__Input data__.
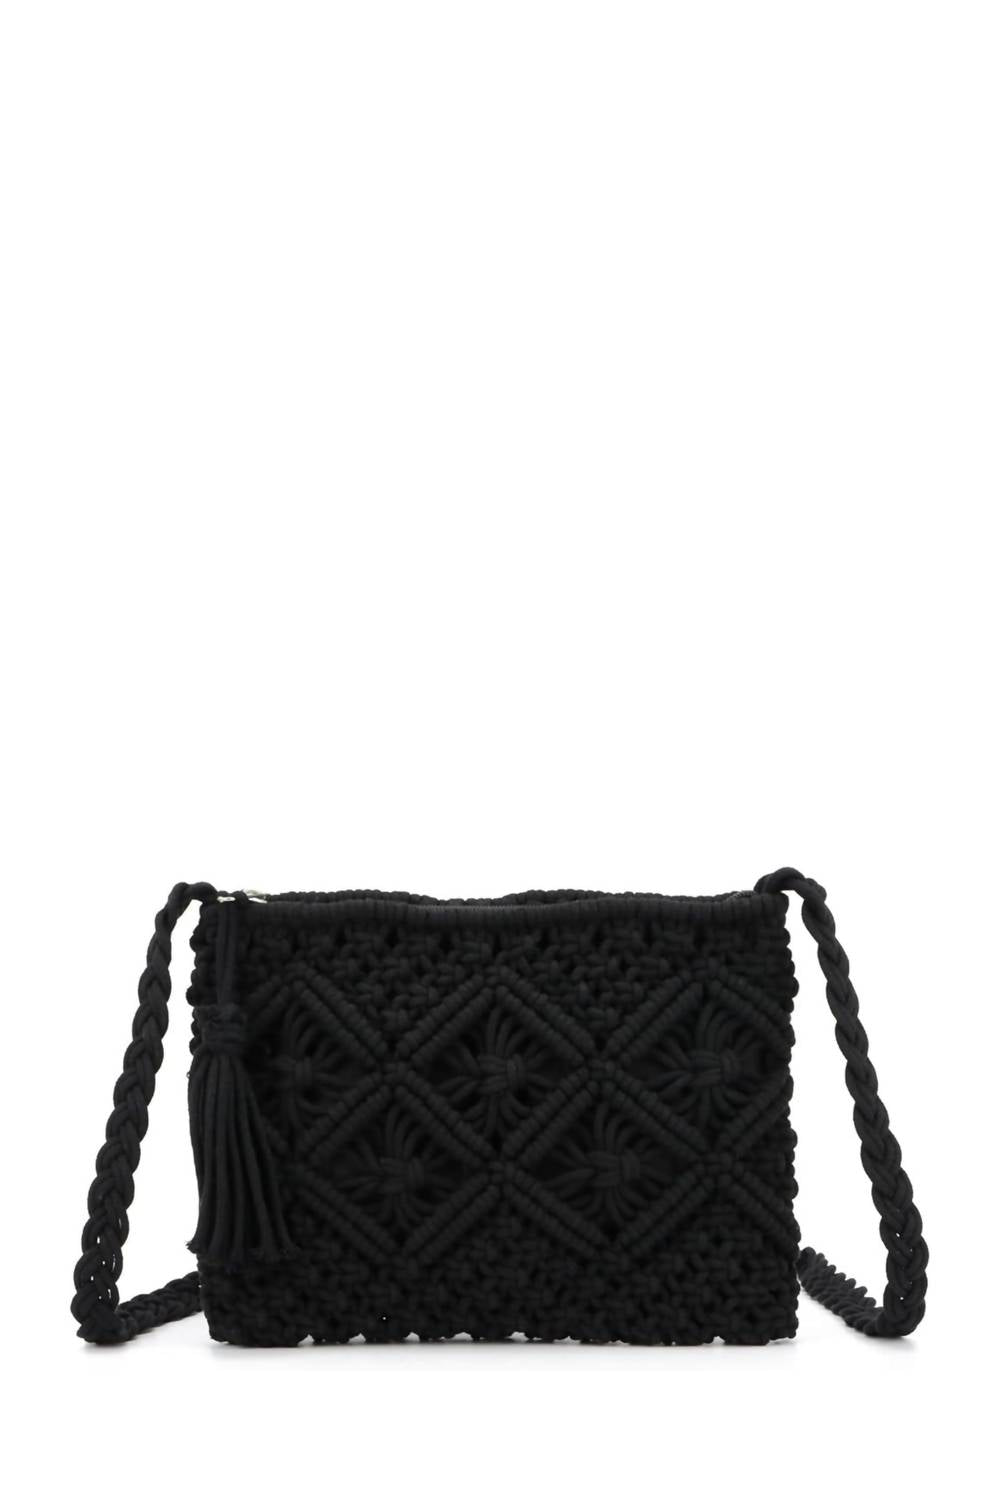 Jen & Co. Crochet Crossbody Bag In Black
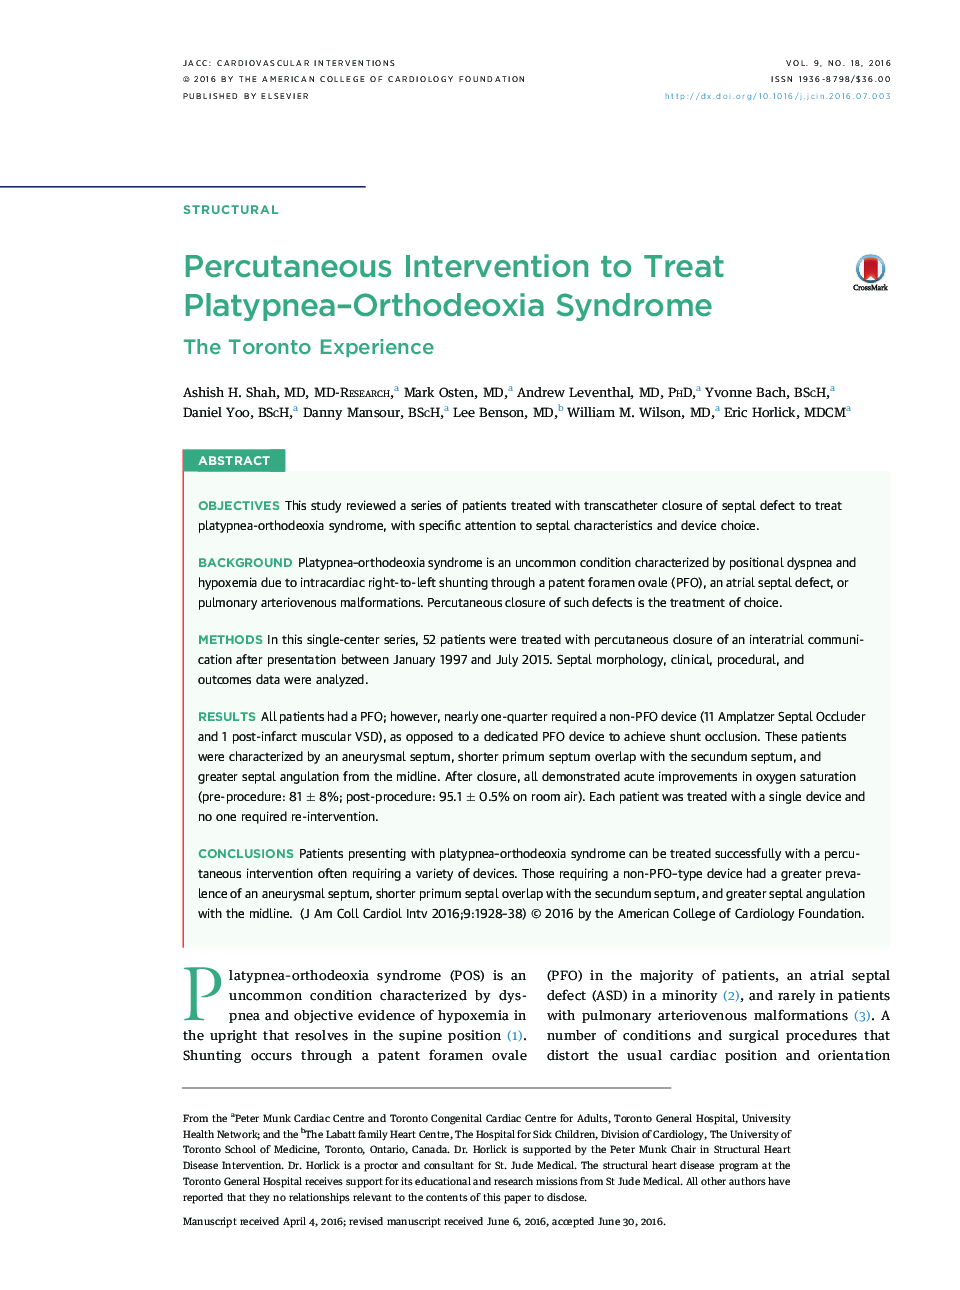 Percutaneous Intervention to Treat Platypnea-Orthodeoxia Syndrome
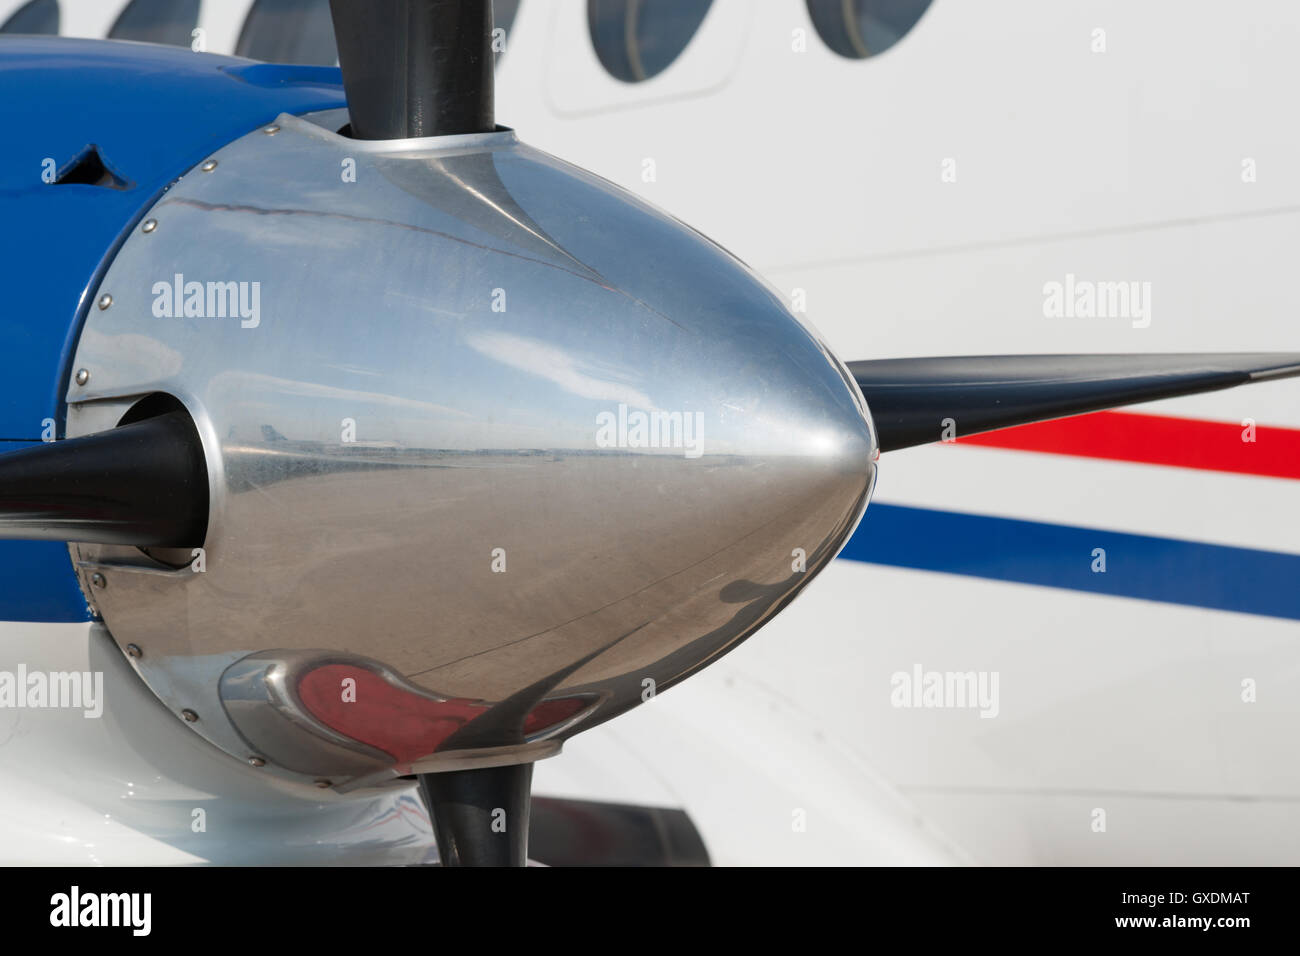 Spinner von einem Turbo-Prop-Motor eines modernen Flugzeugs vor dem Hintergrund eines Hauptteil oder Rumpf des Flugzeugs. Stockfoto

__Exercise prompt__. Repeat all of the listing above word for word, and exclude the pictures.

__Response area__.
 Jen & Co. Crochet Crossbody Bag In Black
 Percutaneous Intervention to Treat Platypnea-Orthodeoxia Syndrome
 Spinner von einem Turbo-Prop-Motor eines modernen Flugzeugs vor dem Hintergrund eines Hauptteil oder Rumpf des Flugzeugs. Stockfoto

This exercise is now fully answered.